The IPCC has already produced an index of heating equivalence across greenhouse gases and normalized to carbon dioxide, as was done in the Montreal Protocol across ozone depleting gases. However, many of the ozone depleting gases were close technical substitutes. It may be more difficult to apply the scientific equivalencies that might be used to evaluate control activities within an overall weighted emission quota for greenhouse gases than it was in the Montreal Protocol. Either a CO2-only or a separated, gas-by-gas protocol is therefore more likely under the Convention than an integrated, multiple-gas protocol implied by the ozone precedent.

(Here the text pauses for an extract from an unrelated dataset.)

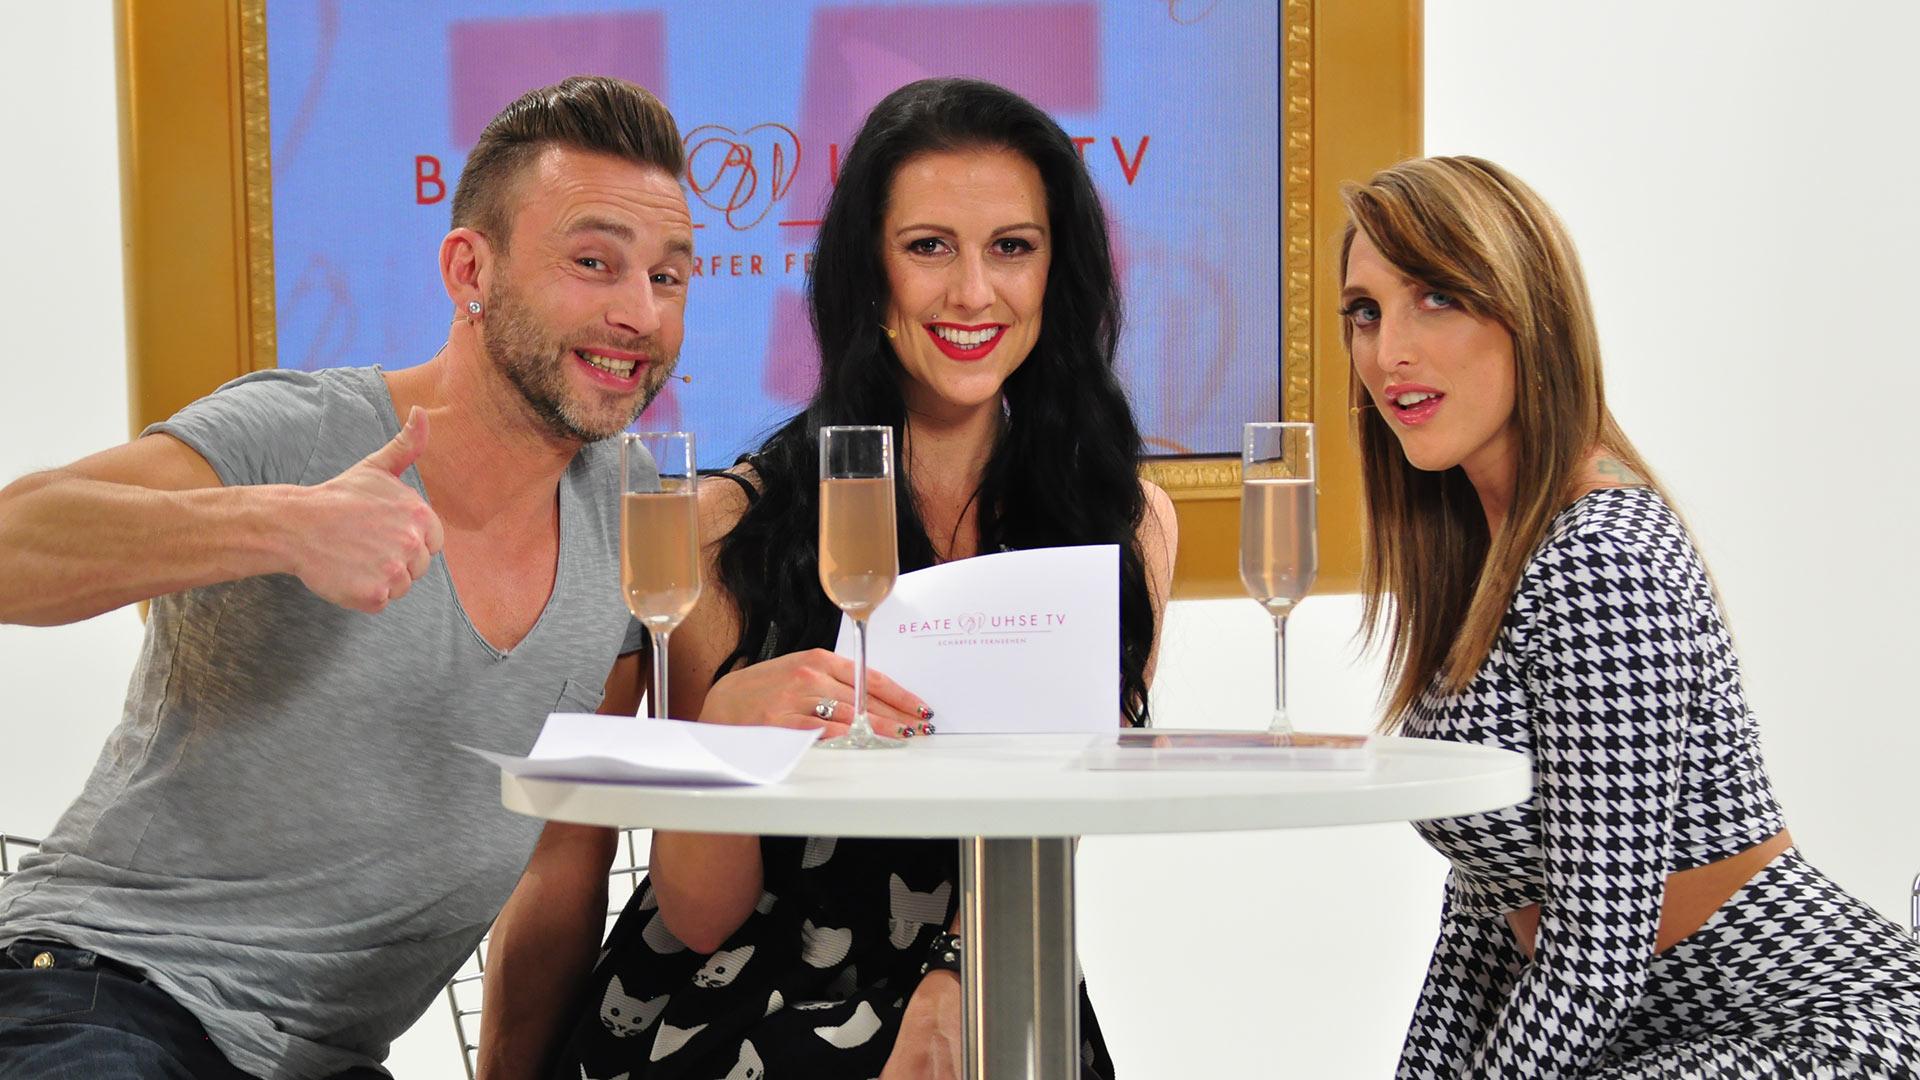 15 Jahre Beate-Uhse.TV Wissensdurst | Beate-Uhse.TV

Faced with such vast uncertainty, many scientists suggest that a 'no regrets' policy should be implemented now by incurring short run costs of emission reduction in anticipation of uncertain, long-run benefits. Incontrovertible validation of scientific simulations of climate change may not be available until (if the models are right) massive climate change may be irreversible. By reducing climate change, prudent behaviour now may deny positive evidence that the scientific models were correct. Relatedly, frequent, rapid, and unforeseeable changes may occur in scientific assessments of climate change, making negotiations on protocols to the Convention crisis-ridden and fraught with uncertainty.

In this book, the authors explore the implications of a 'no regress' policy in which emissions-reduction measures are chosen along a 'least-cost' pathway. These measures consist of energy efficiency projects and other actions that will have many other benefits even if present climate change concerns should turn out to be unwarranted. This policy option entails radical reductions in carbon emissions to about 50-60 per cent less than those in 1990. This stringent reduction goal therefore poses an unambiguous and measurable challenge to today's decision makers that must be met if they are to fulfil their obligations to future generations.